The Bug (1943-1963) was an Irish-bred Thoroughbred racehorse and sire. A specialist sprinter, he was trained first in Ireland and then in Britain during a racing career which lasted from 1945 until September 1947. After being beaten in his first three races he recorded ten consecutive victories including the Wokingham Stakes, July Cup, Nunthorpe Stakes, Diadem Stakes and Cork and Orrery Stakes. He was then injured and finished unplaced in his comeback race, ending with a record of ten wins from fourteen races. He was retired to stud where he had little success as a sire of winners.

==Background==
The Bug was an unimpressive-looking, lightly built chestnut horse, with a white blaze and a white sock on his right hind leg. He was bred in County Limerick, Ireland, by either Mary Ellard or S. Donoghue. As a yearling The Bug was sent to the Ballsbridge sales where he was bought for 700 guineas by the Hon. Gerald "Ginger" Wellesley, a relative of the Duke of Wellington.

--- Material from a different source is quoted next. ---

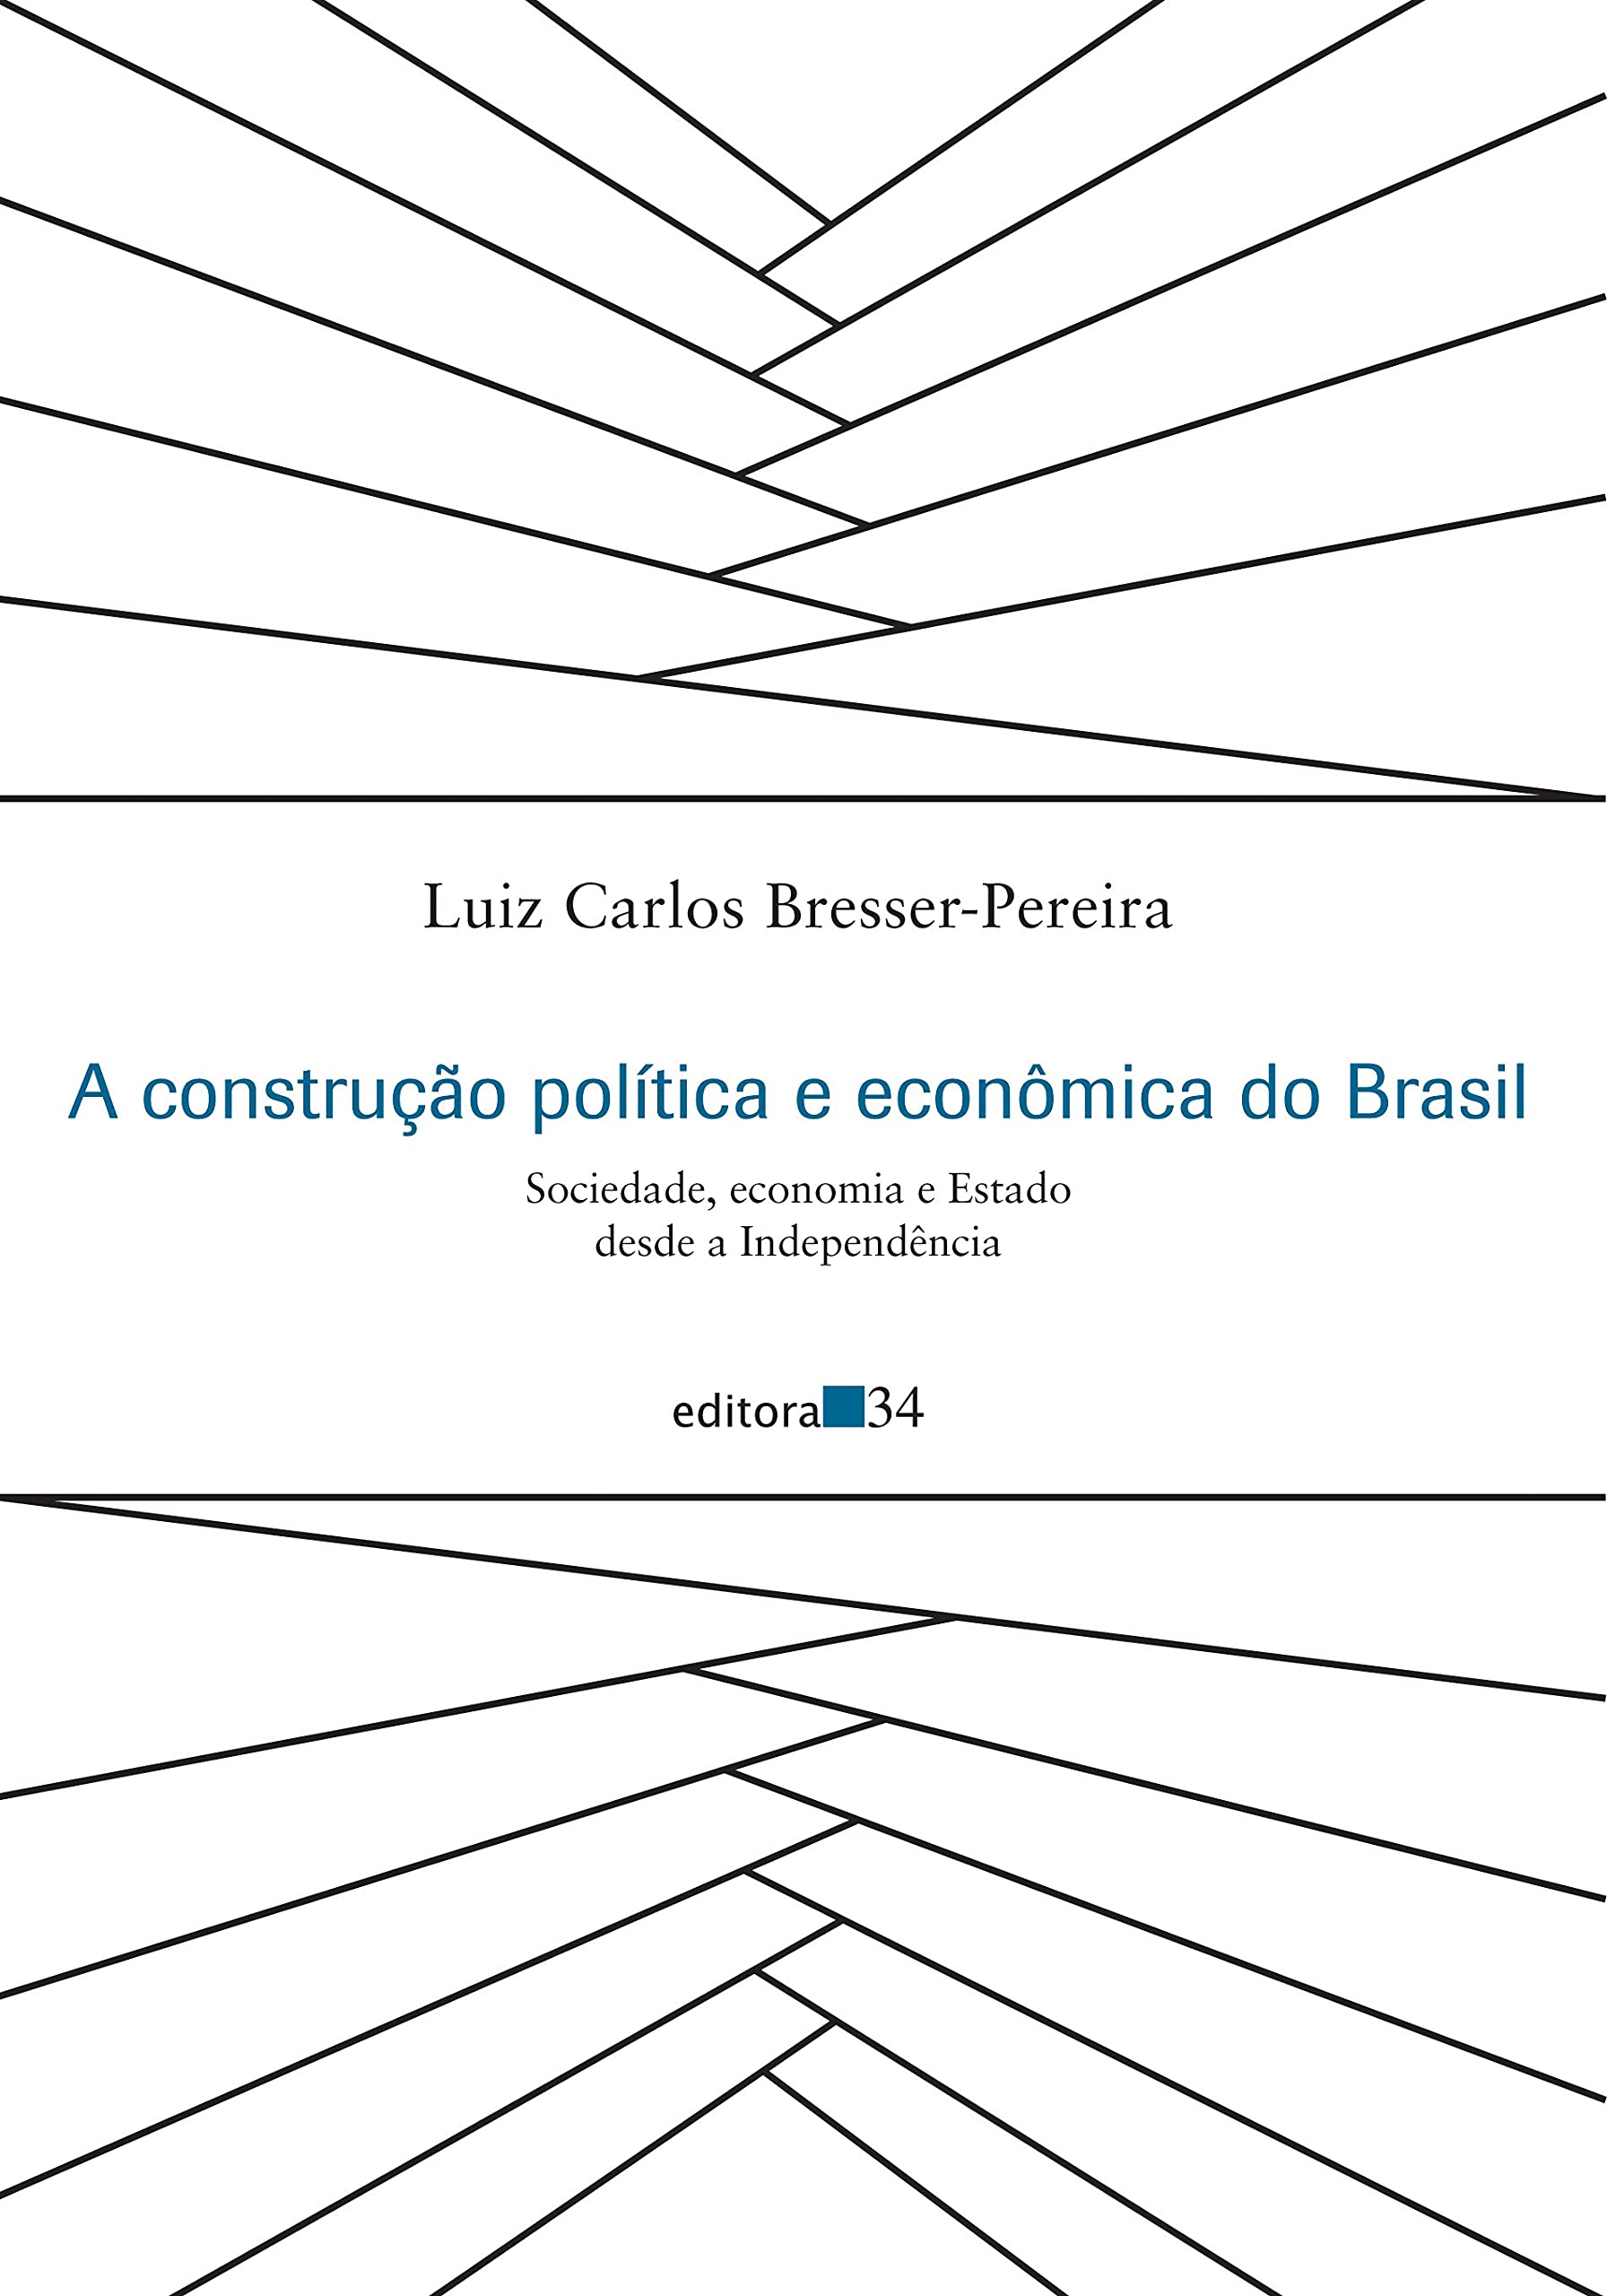 A construção política e econômica do Brasil - Sociedade, economia e Estado desde a Independência, livro de Luiz Carlos Bresser-Pereira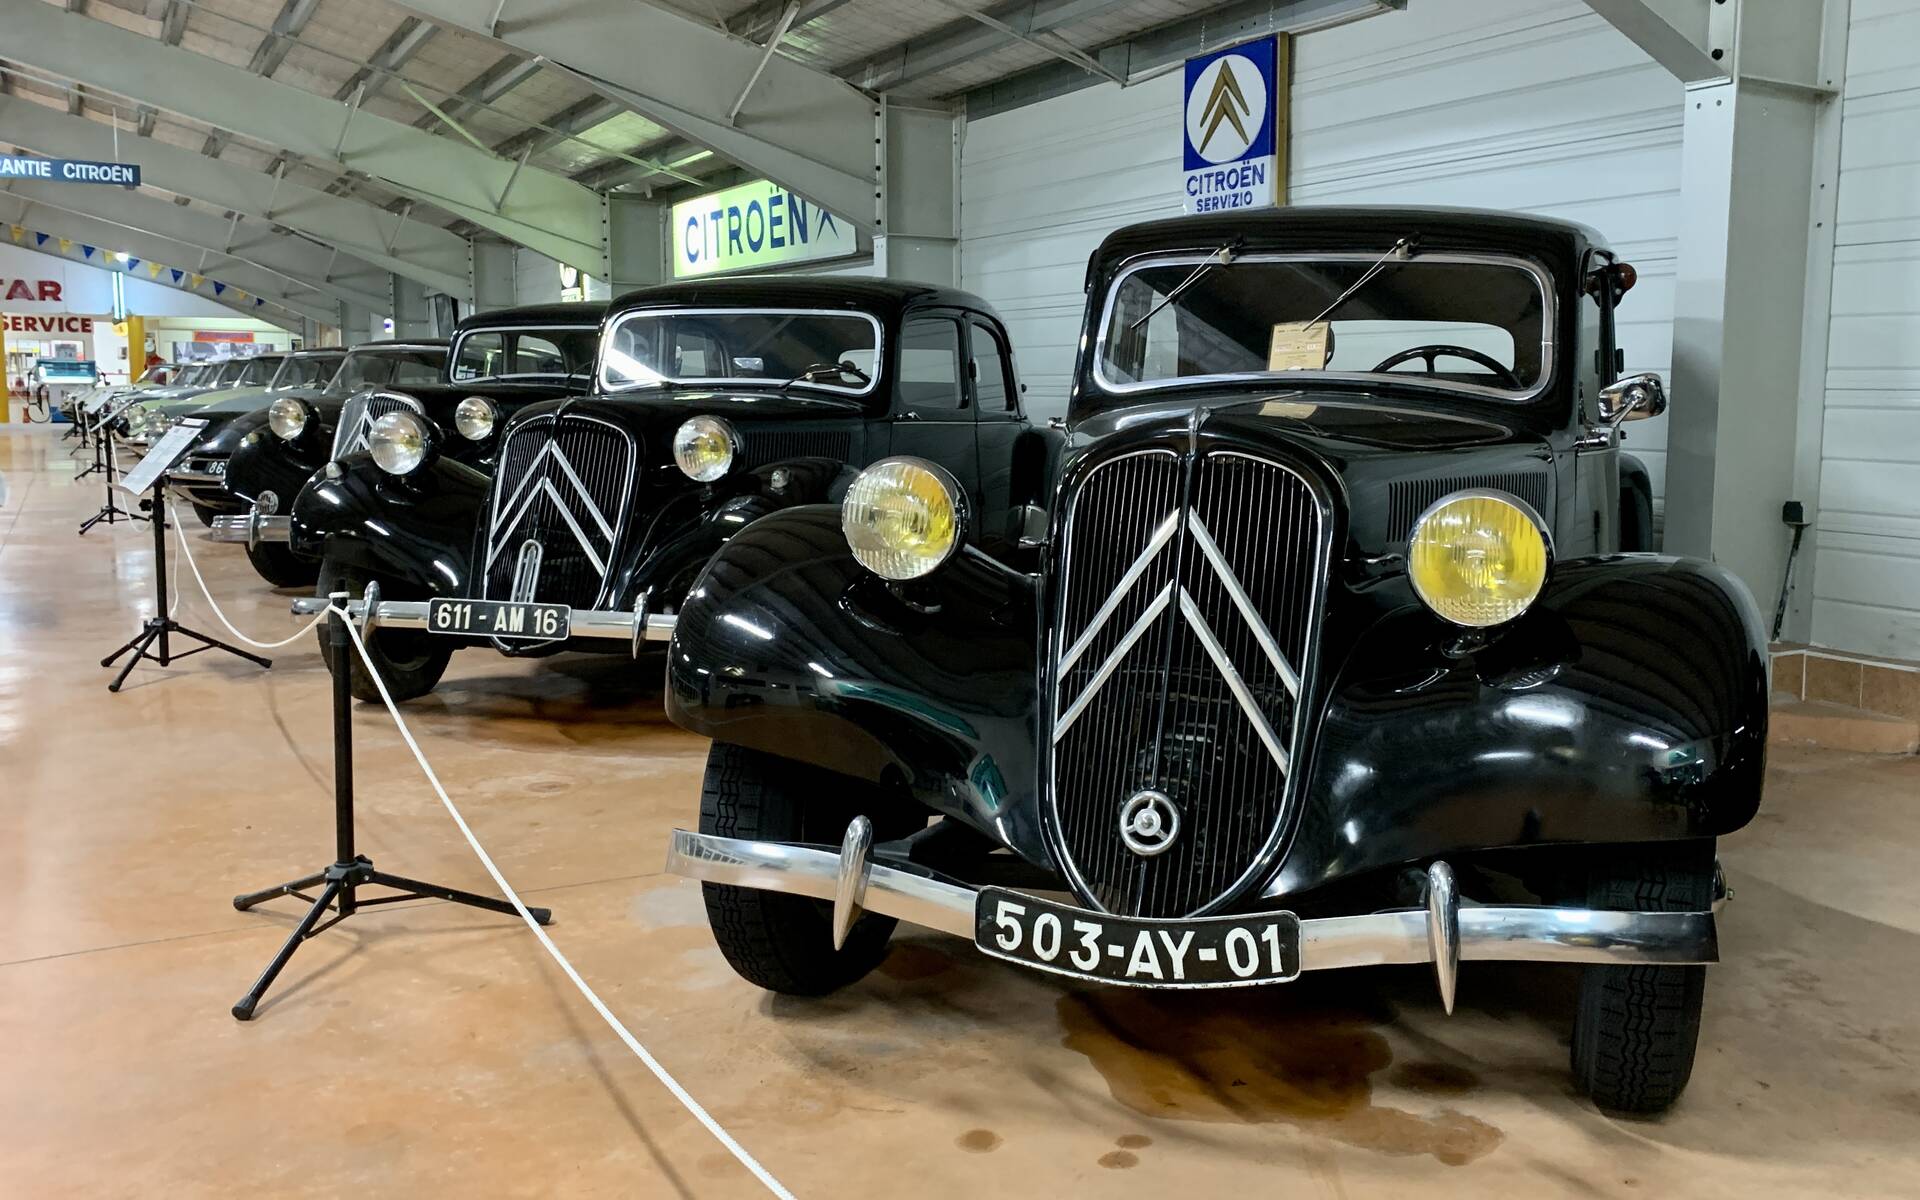 32 - Photos: plus de 100 Citroën d'exception réunies dans un musée en France 543089-photos-plus-de-100-citroen-d-exception-reunies-dans-un-musee-en-france

The colt raced in the colours of Norman Wachman, a boot and shoe manufacturer, as well as a noted gambler, and was trained by Wellesley at Castleknock, County Dublin.

The Bug was sired by Signal Light, an Irish-bred stallion who won the Craven Stakes at Newmarket Racecourse in 1939. Apart from The Bug, the best of his progeny was probably Big Dipper, the top-rated British two-year-old of 1950. His dam Flying Meteor came from an undistinguished branch of Thoroughbred family 2-d, although she was distantly related to the Derby Italiano winner Bellini.

==Racing career==

===1945: two-year-old season===
Wellesley sent out The Bug to race five times in Ireland in 1945. He was unplaced in his first two starts and was strongly supported in the betting when finishing second in his next race. Late in the season he won two minor races. The Bug was never an easy horse to manage: on one occasion he escaped from the stables and ran loose around the local countryside until he was led home by a police officer who used his bootlaces to fashion a makeshift head collar.

===1946: three-year-old season===
In early 1946, The Bug won two races at Phoenix Park Racecourse, carrying large weights in handicap races before being sent to race in England for the first time. In April at Liverpool Racecourse he won the Knowsley Stakes over one mile. In June he reverted to sprint distances when he ran in the Wokingham Stakes, a six furlong handicap at Royal Ascot in which he was ridden by Charlie Smirke, who became his regular jockey. He started at odds of 7/1 and won easily carrying 119 pounds, setting a weight-carrying record for a three-year-old in a race first run in 1874. His victory reportedly landed a huge gamble for Norman Wachman. The "tactics" employed on The Bug in this race were typical: he started quickly, took the lead, and had his opponents struggling to match his speed from the early stages. A month later he was back in England for the July Cup, one of the season's most important weight-for-age sprints over six furlongs at Newmarket. He started the 8/11 favourite and won from Honeyway, a five-year-old who had won the race in the 1945.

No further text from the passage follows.